Я остановился, оглядываясь по сторонам, напротив стола, за которым сидела, вольготно откинувшись на спинку стула, Екатерина Васильевна.
Зоя Карловна прямо-таки вбежала в библиотеку и сразу же она метнула в меня взгляд бегающих глазок:
– Катя, ты смотри, этот молодой человек странный какой-то, прячется за дверью...
– Да я же уж сказал вам, что от сына укрылся, что вы такие подозрительные!
– Ладно, я уже побежала, Катька, – словно опомнившись, быстро проговорила Зоя Карловна. – А ты смотри. И вы, молодой человек, смотрите мне, не хулиганьте больше.
Зоя Карловна незамедлительно ушла. А я начал прохаживаться среди книжных полок, изредка отшатывая на себя какую-нибудь книгу, и под негромкое "не то" ставил ее на место.
Я чувствовал, как Екатерина настороженно прислушивается к моему передвижению в пространстве помещения библиотеки, сквозь узкие длинные щели над книгами я иногда улавливал ее пристальный взгляд.
– Молодой человек, – неожиданно обратилась ко мне Екатерина Васильевна, – а вы у нас вообще-то записаны?
– Да, конечно, – как бы между прочим, на сей раз между перелистыванием страниц какой-то брошюры, тут же отозвался я.
– А как ваша фамилия будет? – деловито поинтересовалась Екатерина Васильевна.
– Истина.
– Что-о-о?
– Ис-ти-на, – повторил я по слогам.
Последовало молчание.
– Истина? – переспросила Екатерина.
– Да... Он самый, Екатерина Васильевна, – говорил я последние слова, подходя к столу Екатерины, и, остановившись в двух шагах от стола, улыбнулся, – собственной персоной.
– М-м-да, – призадумавшись, произнесла Екатерина.
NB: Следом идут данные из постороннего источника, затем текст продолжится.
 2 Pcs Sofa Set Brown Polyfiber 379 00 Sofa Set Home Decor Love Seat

Она заботливо порылась в картотеке и вытащила мою карточку.
– Сергей Александрович?.. Давненько вы у нас не брали книги.
– Да уж, почитай несколько лет.
– А где этого типа раздобыли?
– Да тут, в одном подвальчике.
– Бомжик, что ли?
– Да нет, прописанный.
– Не валяйте дурака, кто он?
– Не беспокойтесь, милиция сюда не нагрянет, – он в командировке.
– Фу, какой он толстый.
– Председатель кооператива.
– Понятно.
– А здесь у него, – я показал между ног, – бывают неполадки.
– Что, горючего не хватает?
– Да нет.
– Ясно, заезженный.
– Все может быть, Екатерина, но у меня нет времени об этом...
– А что?
– Мне бы тельце это, – я старался говорить в тоне Екатерины, изредка оставлять где-нибудь под хорошим присмотром.
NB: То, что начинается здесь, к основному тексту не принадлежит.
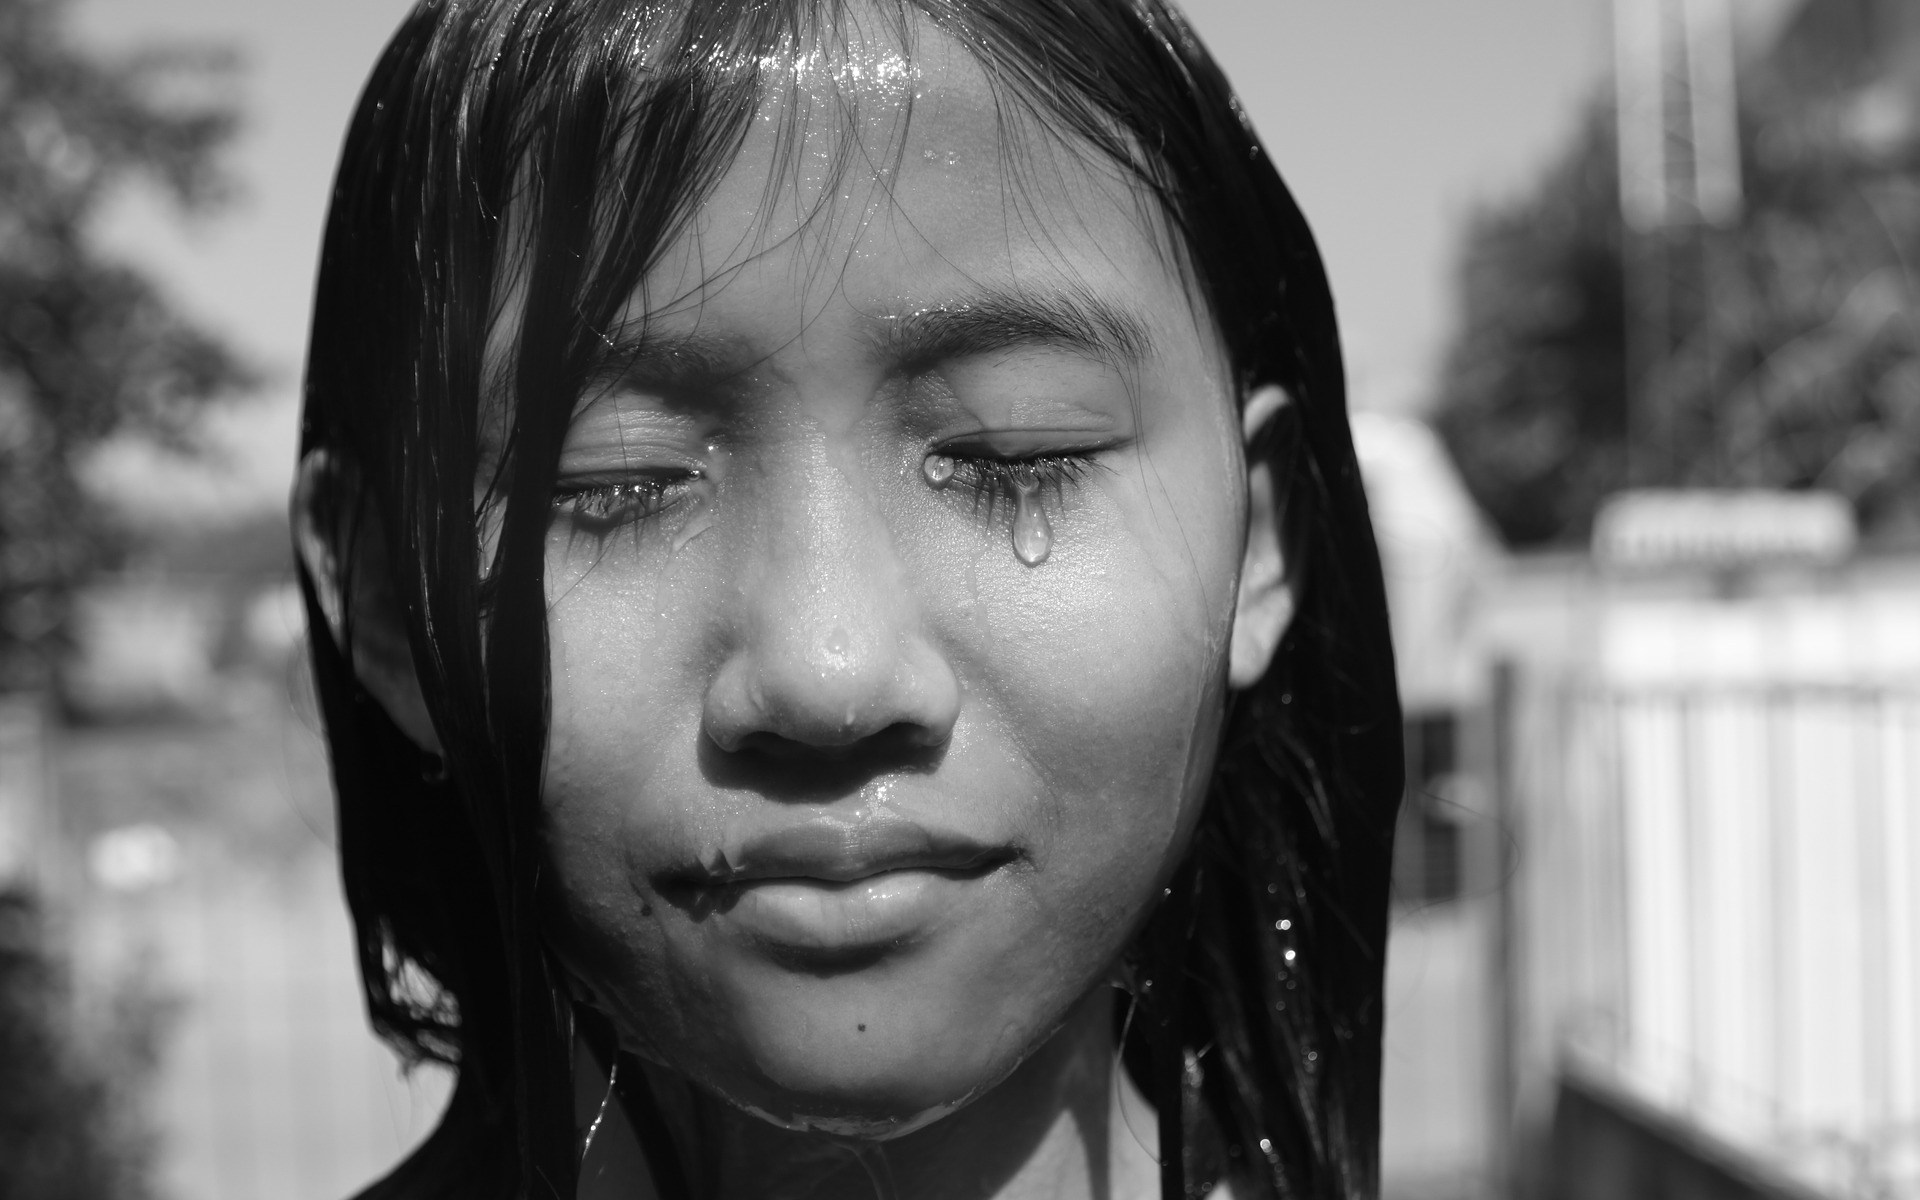 la parola piangere - G. Rodari

– Можно было бы у меня дома, но он же всю мебель переломает, как очнется... Ты же его, наверняка, перепугал до ошаления... Как его хоть зовут?
– Гриша, – ответил я.
– Хотя... можно и попробовать, есть у меня одна задумка.
– Спасибо, Екатерина... Васильевна.
– Ну ладно, пойдем со мной.
– К тебе домой?
– Ну а куда же еще? Не к Остапу же Моиссевичу!.. Хи-хи, – проказливо подхихикнула Екатерина, подошла ко мне и похлопала по Гришиному животу ладошкой.
Вскоре, после недолгих сборов Екатерины, мы вышли из библиотеки, Екатерина закрывала дверь на ключ, а я в это время увидел, как дверь напротив, в кинопроекционную, до сего момента приоткрытая, потихоньку притворилась – наверняка лысый и уступчивый Кириллыч, как всегда, был предан своим ушам, и вовсе не исключено, что он подслушал и наш разговор, ну да вряд ли он мог принять что-либо всерьез, скорее всего он предположил, что очередной любовник навестил подругу Зои Карловны и они шутили между собой.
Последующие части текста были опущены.